In 2007, she joined Alcom USA, then a small Winslow manufacturer of aluminum trailers, as an inside sales representative. She subsequently became vice president of finance and grew alongside the company. Alcom, which was founded in 2006, now has more than 500 employees and has a dealer network in the U.S., China, India and Kuwait.

She loved the hustle-bustle of manufacturing. “My colleagues and friends thought I was crazy,” she says. “Maybe I was. But it felt right. The excitement of seeing actual production was invigorating.”

One of her F3 co-founders, Cleaves, was running a small company, Magnum Manufacturing, a Liberty-based maker of aluminum truck equipment. Cleaves brought in Galea and Sturtevant.

“I’d known her personally, and when I had the opportunity to be in business with her, I jumped right on it,” Cleaves says. “She has communication skills like nobody else I know. And she can sell anything.”

Sell she did.

“I went to the Northwest on a six-day trip,” she recalls. “In three days, I came home with $250,000 in signed orders.”

She did her homework before she called on potential customers.

“One thing I tell my salespeople is that the biggest part of sales isn’t talking about your product. It’s listening to your customers,” she says. “It’s the ability to have the person trust you in the first minute or two of a conversation. I do my homework on customers or vendors before visiting them. I do my homework on our product. I put two and two together.”

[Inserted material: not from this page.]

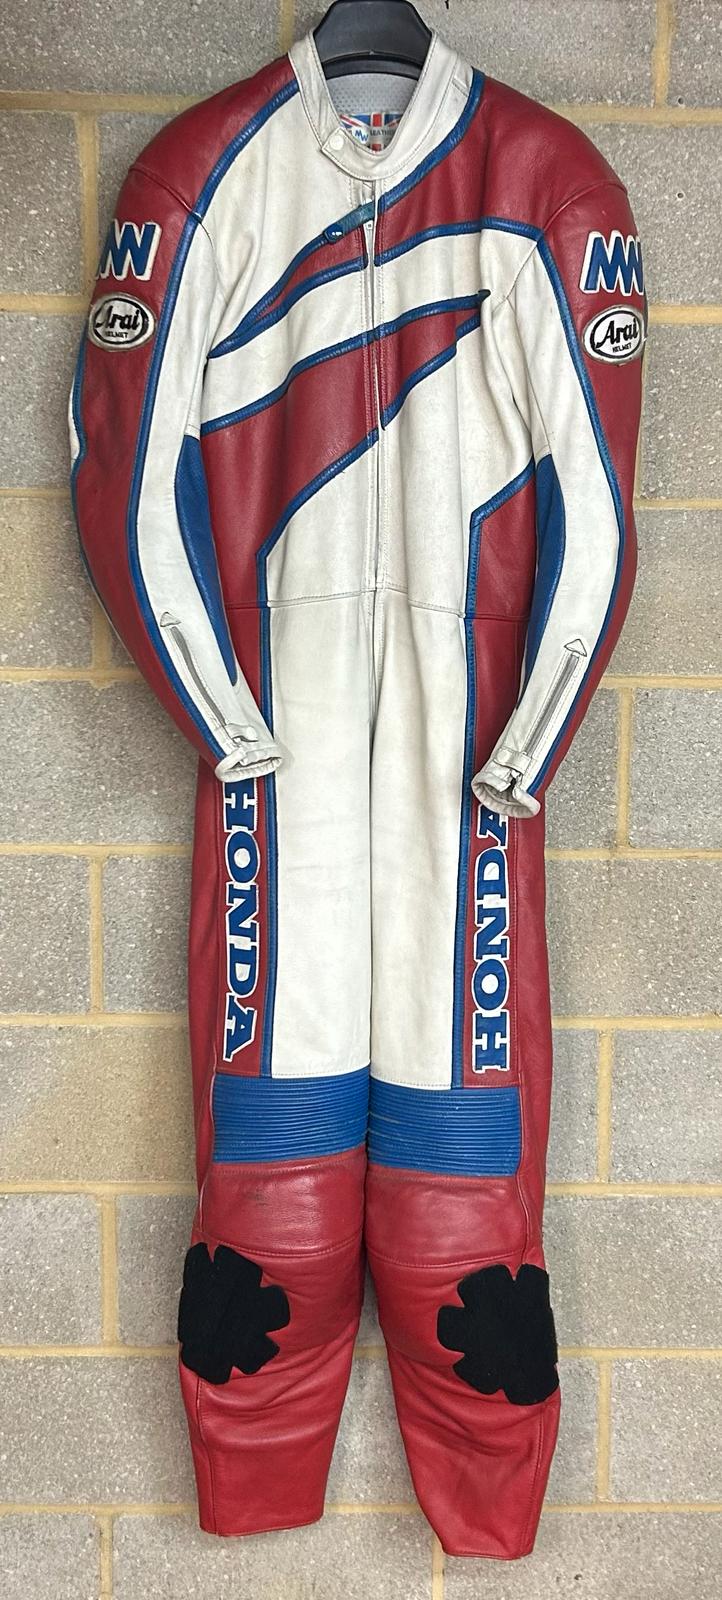 VINTAGE MIKE WILLIS MW LEATHERS. MOTORCYCLE RACING ONE PIECE SUIT WITH HONDA AND ARAI LOGOS . BLUE

A niche in the truck business

The Magnum name, along with Duramag, now trade under the F3 umbrella. The truck bodies are what you might see on a trade vehicle — the back portion of an electrician’s truck, the “box” on a box truck or a towing company’s flatbed.

F3 was using aluminum at a time when many such truck components were steel. Galea makes the case for aluminum being better than steel because it’s much lighter, resulting in increased fuel economy, reduced tailpipe emissions and smaller carbon footprint. Although raw aluminum is more expensive than raw steel, F3 maintains competitive product pricing. Tariffs affected both aluminum and steel.

As F3’s sales revenue has grown, its workforce has grown as well. For Galea, it’s about putting Maine people to work by providing them with training and support to achieve financial security and marketable skills.

“A big part of F3 is the people we hire and train,” she says. “We have an unbelievable crew.”

Galea is active in talent attraction and retention, providing in-house training to the entire workforce. Despite the state’s labor shortage, F3 has been able to find workers through employee referrals, online postings, job websites and connections with trade schools.

“We have a great training program, our pay scale is above market, and we offer 401(k), health insurance, paid vacations, holidays and overtime,” she says. “They gain a trade, they’ve got a job where we won’t lay people off, and they’re working indoors throughout the year.”

She also hires people who need a second chance in life.

“Some people have made poor choices in their past but they come in and they have a strong work ethic,” she says. “I see a glimmer of hope, a lot of times, in people when they don’t see hope in themselves. But they want a second chance and they do a good job.”

She recalls one employee who “knew” she wouldn’t hire him once she saw his background check.

“I said, ‘Well, if you’re honest with me and tell me what you did and that’s what shows up on your background check, we can talk,’” she says.

Since then, he’s become a line leader and went from couch-hopping to renting an apartment and, recently, purchasing a home — life steps accomplished with Galea’s guidance.

“It’s the most gratifying aspect of my job,” she says. “My biggest concern is to keep everyone employed and to keep this business going because so many people and families rely on us.”

Galea still thrives on the hustle-bustle. “One day I’m writing a check for thousands of dollars for aluminum and that same day I’m seeing a finished product loaded on one of our trucks,” she says. “It’s noisy, nobody’s standing still. I’m the type of person who likes to have many balls in the air all the time. I couldn’t sit behind a desk and just do the same thing day in and day out.”